If we are reluctant to make the military commitment to overthrow Assad (which is understandable, particularly since it is not clear we could then control the outcome in any meaningful way), we need to carefully consider other options. Negotiating some compromise with the regime – a preferred option earlier in the conflict – may be distasteful, costly, and difficult, but it may provide the most effective means of limiting civilian casualties, particularly as the war has appeared to take a turn back towards stalemate.
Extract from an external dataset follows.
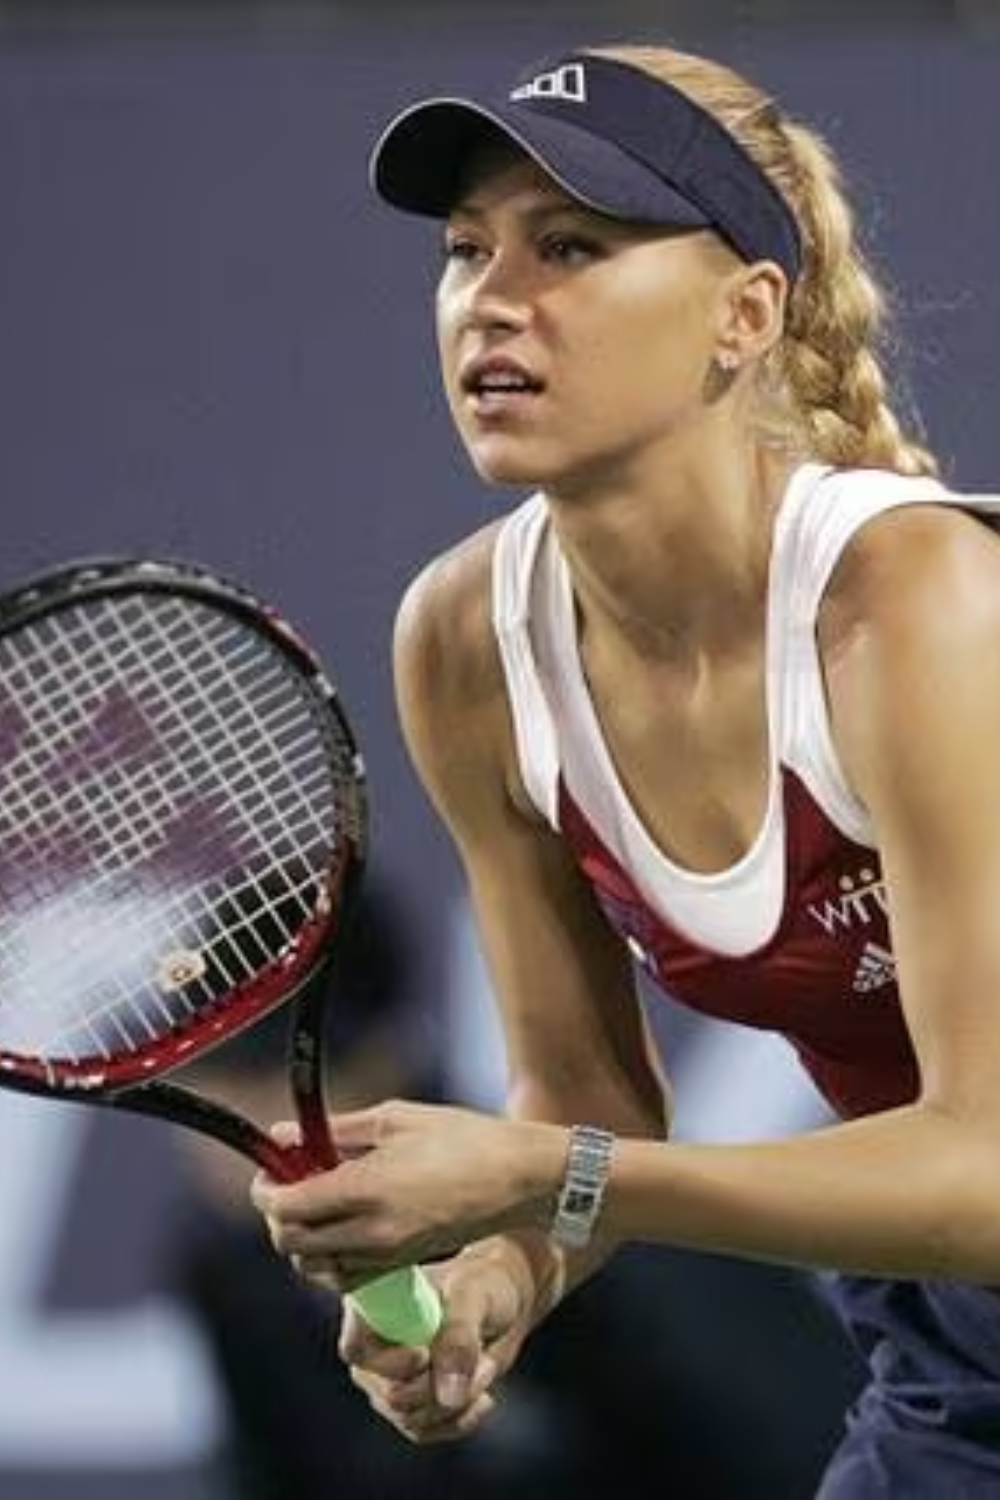 Former Tennis Player Anna Kournikova

It may be, however, that we find idealism insufficient to justify the costs of overthrowing the regime, but too much of an obstacle to possible compromise and an unsatisfactory end to Syria’s revolution. That makes continued conflict a “default” position – the non-choice that will be condemned by all sides as astrategic and reprehensible. In fact, we should take a careful and thoughtful look at the third option and its possible consequences. We may find that containing the conflict but not choosing sides has its own set of strategic advantages, particularly when weighed against the alternatives. There are times, tragically, when “doing nothing” may be the most appropriate strategic choice.
Tim Hoyt is Professor of Strategy and Policy and John Nicholas Brown Chair of Counterterrorism at the US Naval War College. His opinions are his own and do not represent those of the Naval War College, the Department of Defense, or any other institution.